Van Bogaert's cerebrotendinous xanthomatosis. A study of 3 cases]

The authors report three observations of cerebro-tendinous xanthomatosis (CTX). The three patients presented tendinous xanthoma and cataract. The neurologic disorders were different in each case. The first one, a 43 years old woman suffered from dementia, ataxia and pseudobulbar palsy: CT scan showed cerebellar hypodense lesions. After the apparition of bulbar signs ans cachexia she died at 45. The second patient, a 39 years old man had an ataxia and mild psychiatric disorders. He was stabilized with a treatment of chenodesoxycholic acid.
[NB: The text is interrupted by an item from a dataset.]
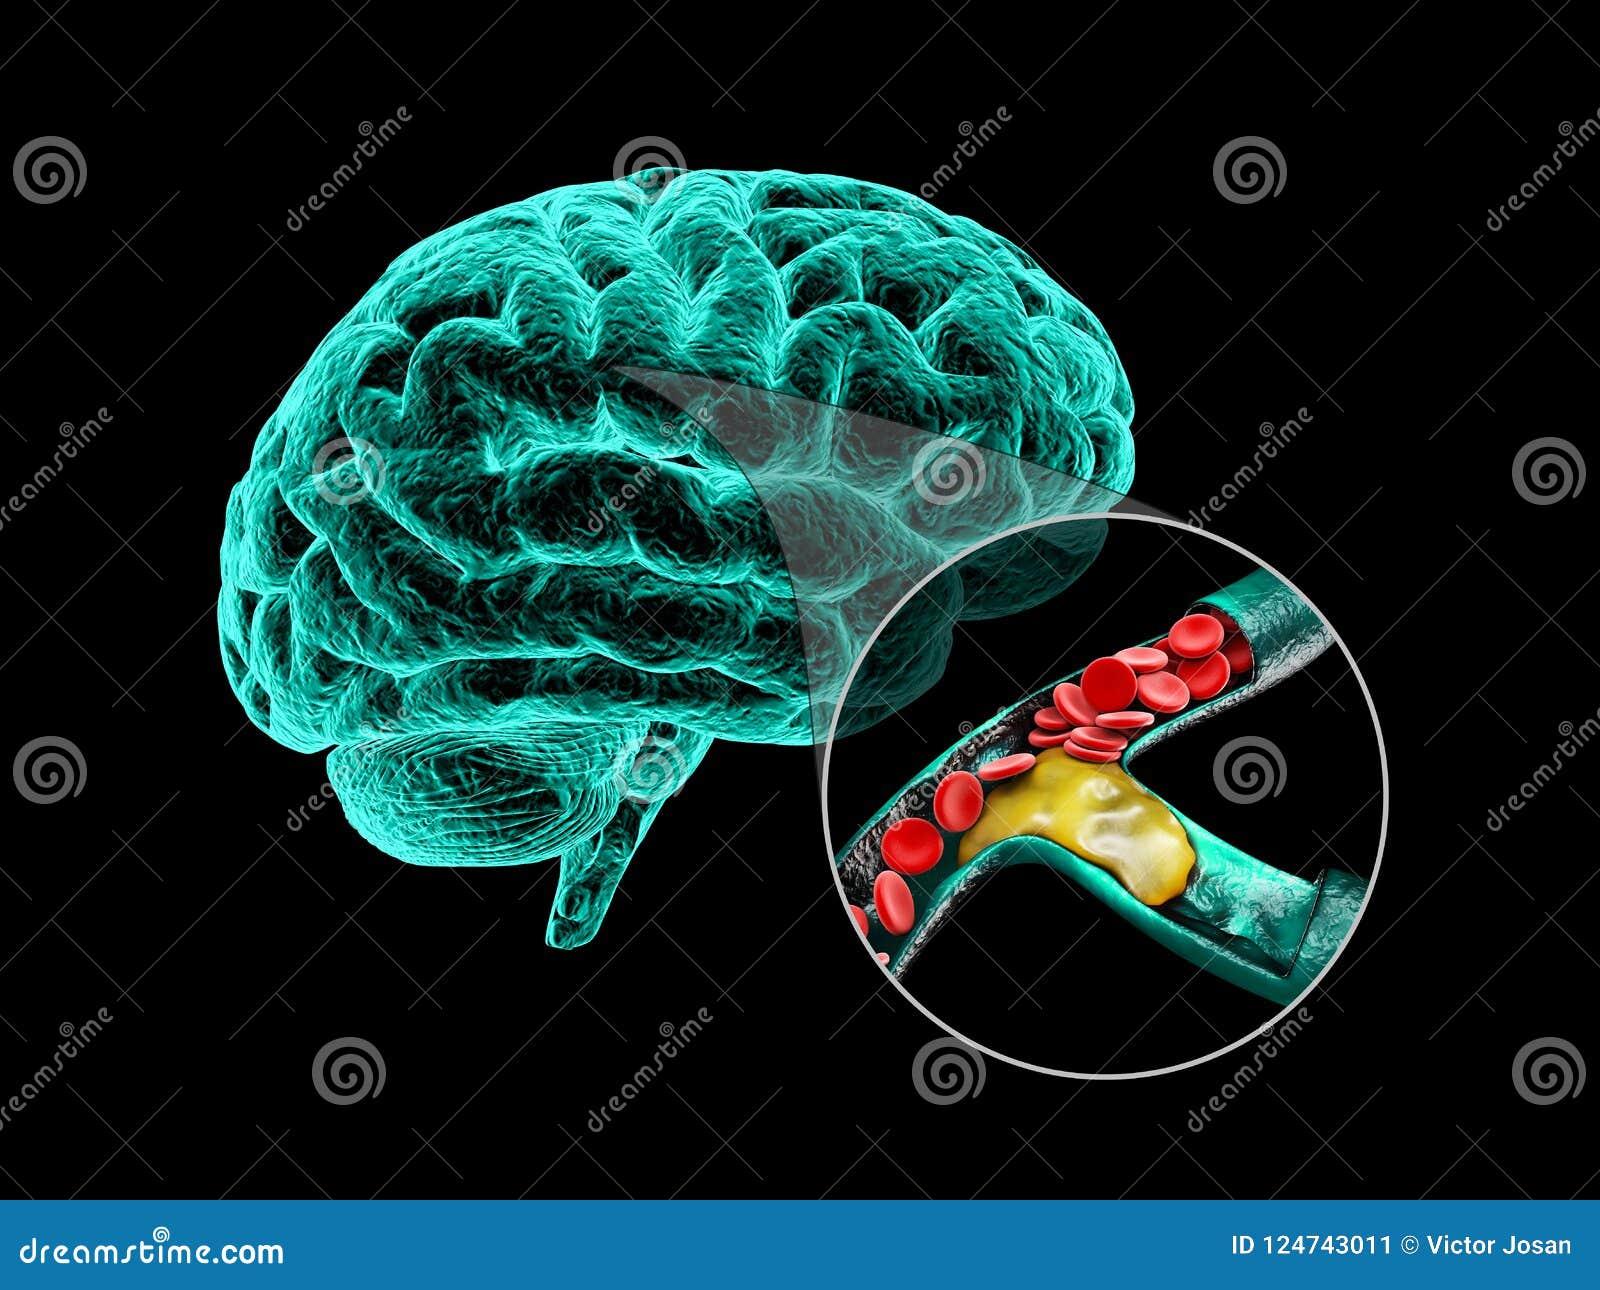 Cervello umano con la sclerosi cerebrale Illustrazione di anatomia 3d del cervello umano

The third one, a 49 years old women suffered only from tendinous xanthoma, cataract, and had no neurological disorder. His plasmatic cholestanol level was high. CTX is a recessive deficit of the hepatic 26 hydroxylase with deposits of abnormal metabolites in tendons, crystalline lenses and central nervous system. Reviewing the 44 observations of CTX in the literature, the authors define the genetical, clinical, biochemical and therapeutical aspects of CTX, and underline the necessity of a early diagnosis with cholestanol dosage, before the apparition of neurological disorders and the short terminal phase. CTX is a rare but fortunately treatable neurolipidosis.